And even if they’d actually been going out, just because he spent money DOESN’T MEAN SHE OWES HIM THE REST OF HER LIFE. MARRIAGE IS NO LONGER A CONTRACT WHERE A MAN BUYS A WOMAN. GET THAT INTO YOUR HEADS!

And about “gold-diggers” - you’re the one deciding to let go of the money mate. No-one to blame but yourself.

THIS ACTUALLY HAPPENED TO MY FRIEND. She dated this guy for a while and things didn’t work out and then he SENT HER A BILL FOR ALL THE MONEY HE SPENT DURING THEIR RELATIONSHIP BECAUSE THERE WAS NO RETURN ON HIS INVESTMENT. I’m so glad she’s not with him anymore. SO GLAD.

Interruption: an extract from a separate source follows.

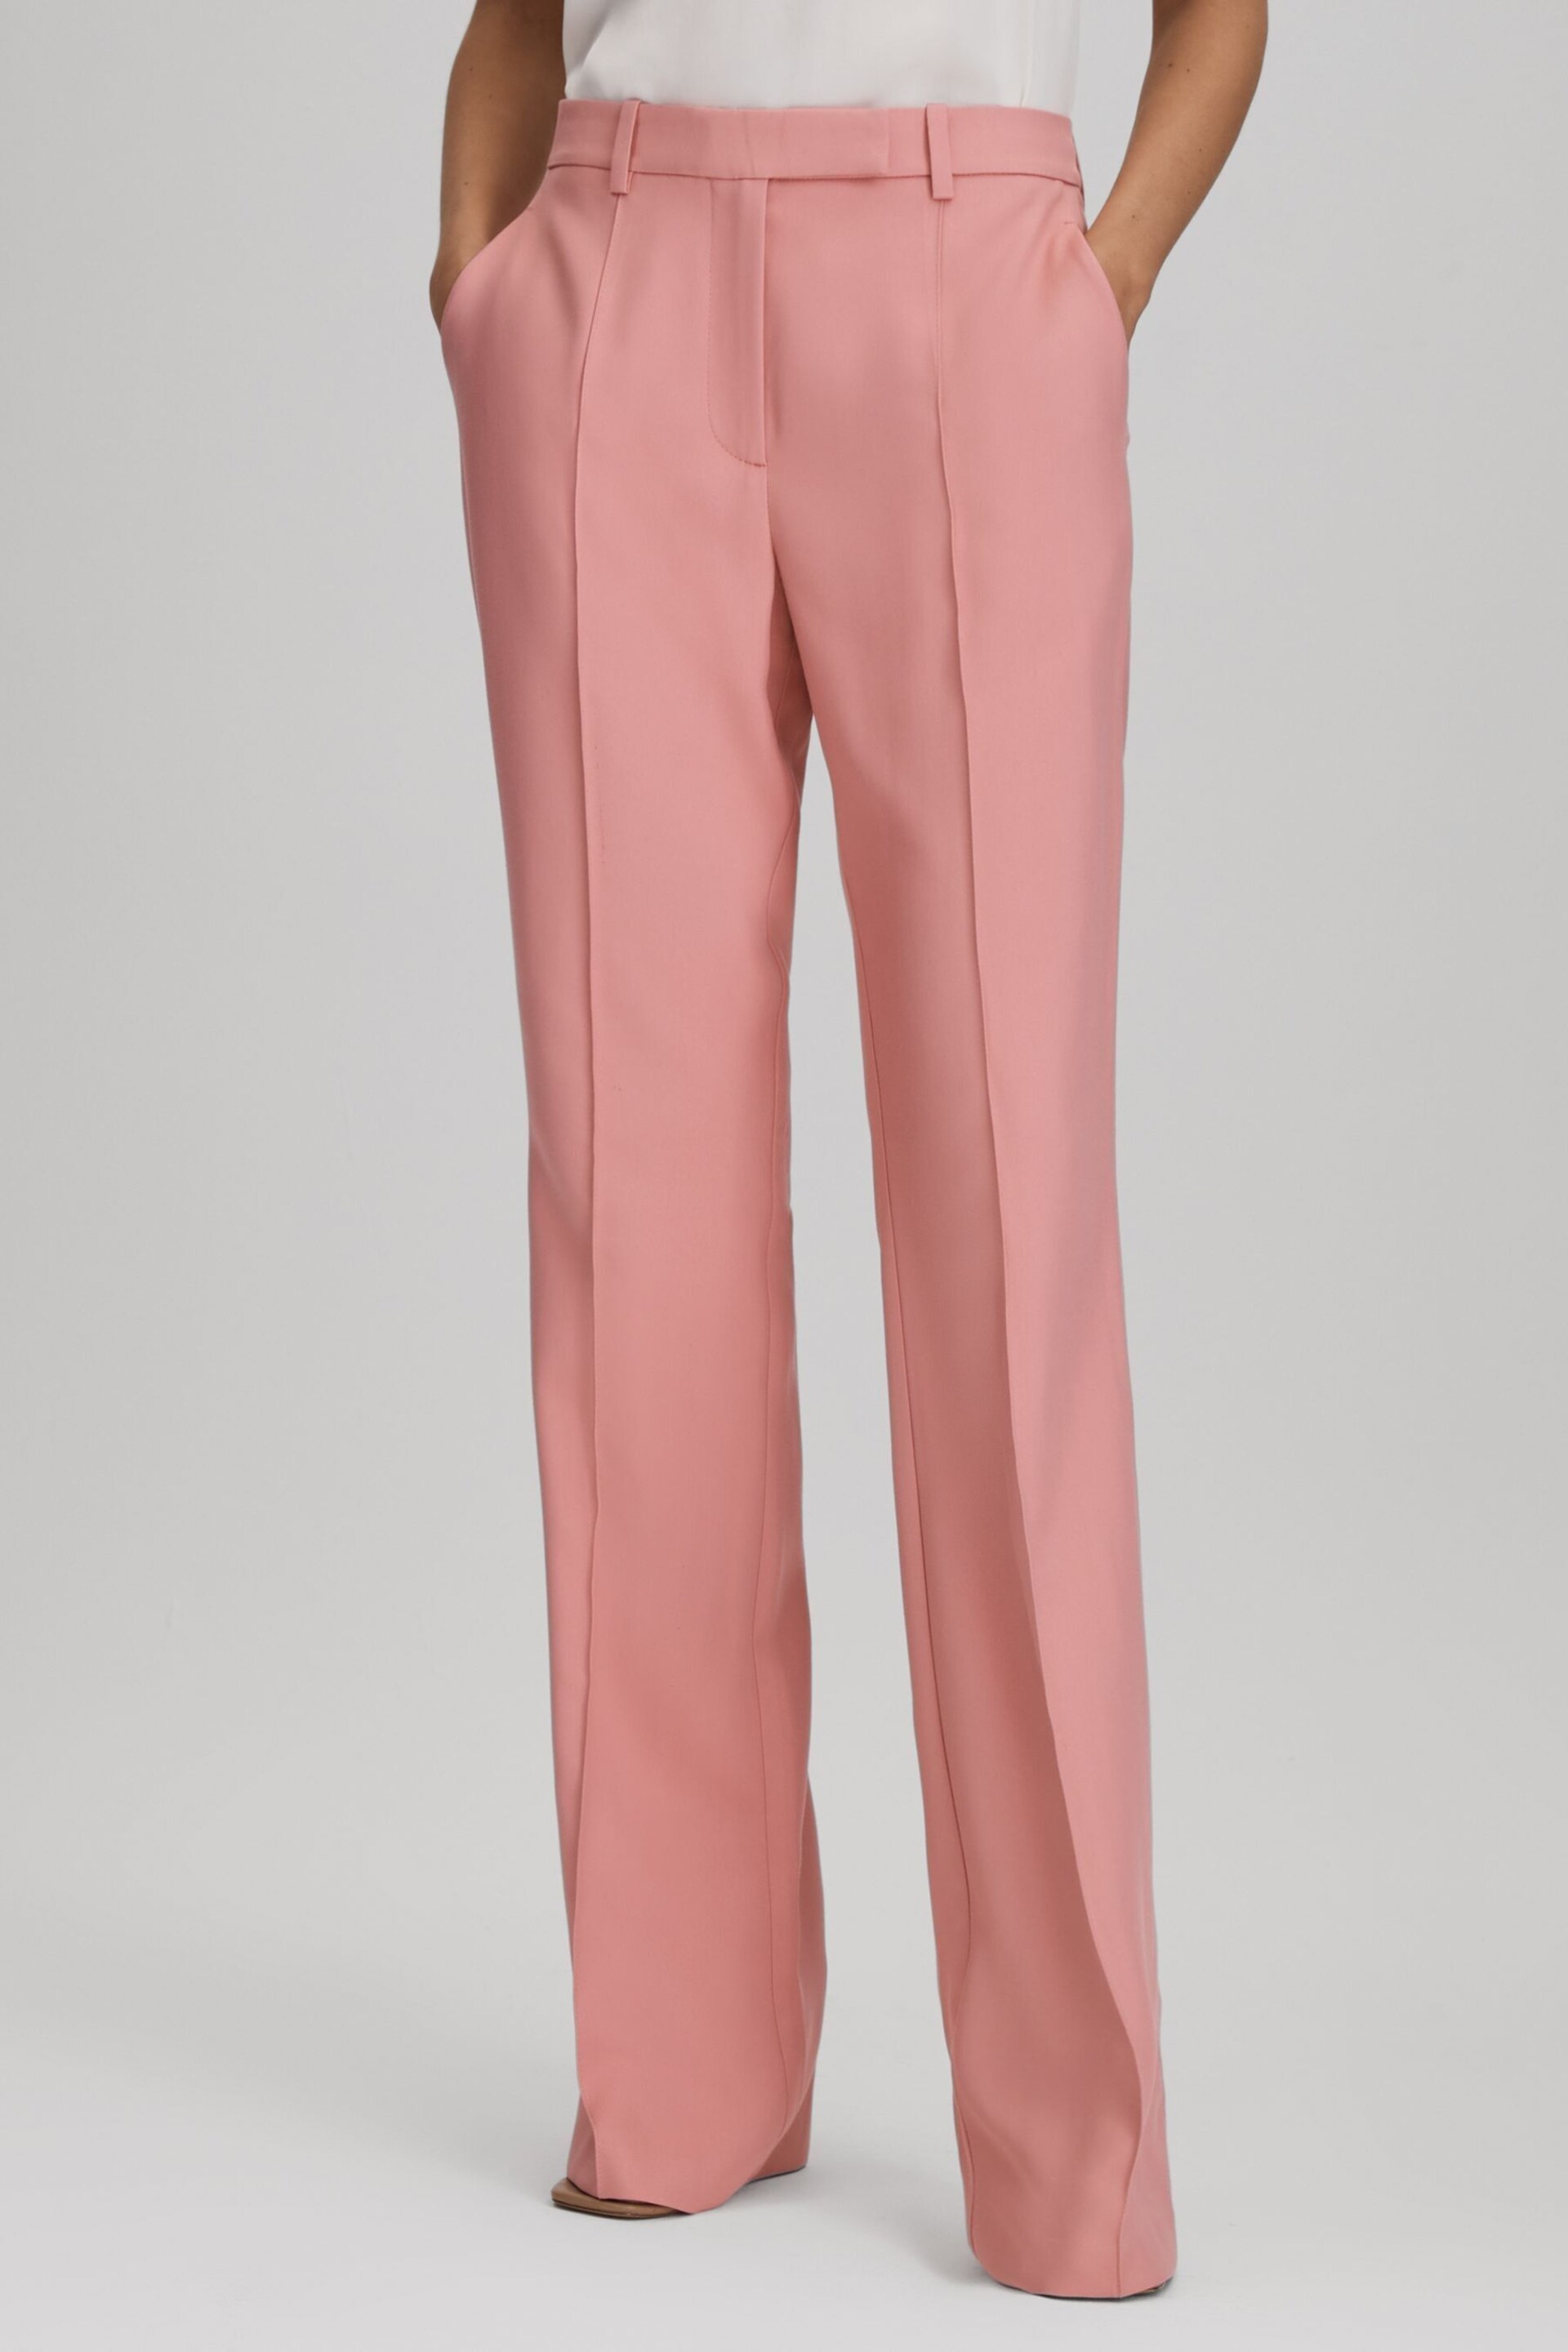 Reiss Pink Millie Flared Suit Trousers - Image 1 of 6

This whole thing is pretty much a sequel to the friend zone. The guy is like “I don’t understand ! I’ve been kind and gave a lot of things to this woman, yet… she doesn’t love me ? I mean, she totally owes me love after all I did for her ! Oh well, if she doesn’t, then she’ll owe me money.”
It also follows the same “love-dispenser” pattern that usually comes with the friend zone. You know, the whole “A woman isn’t a machine you put kindness coins in until sex falls out”.
Well here, this woman isn’t some sort of machine you give money and expensive things to until marriage happens.

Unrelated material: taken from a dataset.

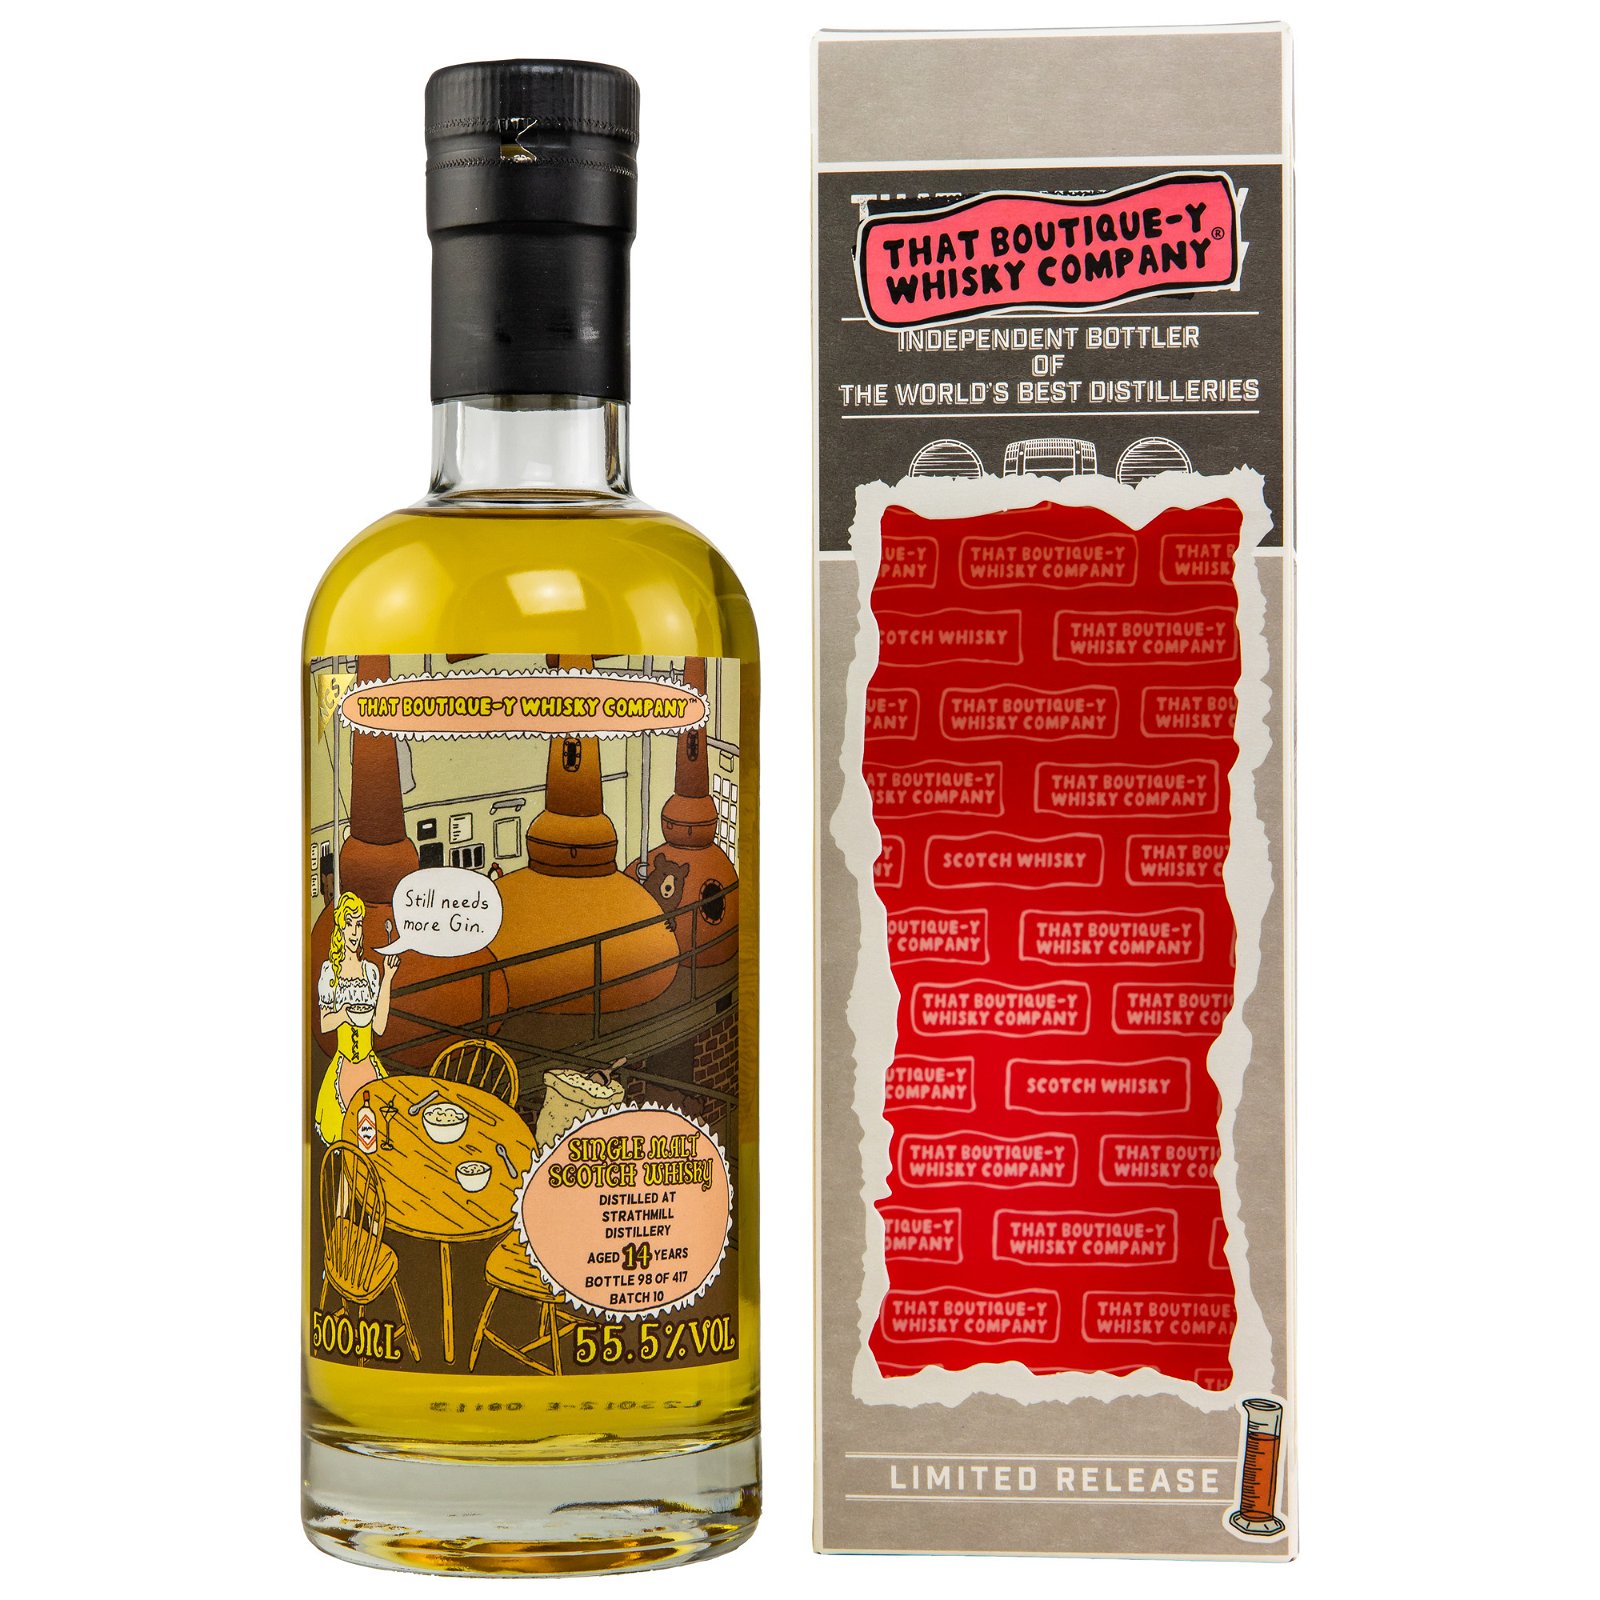 Strathmill 14 Jahre Batch 10 (That Boutique-y Whisky Company)

Being kind to someone doesn’t mean they have to be attracted to you afterwards, or that they owe you anything. Being kind to someone is like one of the things you have to do to be a decent human being. Of course, this doesn’t involve buying expensive presents for the other, but dude. They weren’t even dating. The guy just started buying her shit she probably didn’t want, expecting her to suddenly start liking him, and then demanded a fucking refund when he noticed that his “efforts” didn’t pay off.
Typical.

(via afullgrownteenwizkid)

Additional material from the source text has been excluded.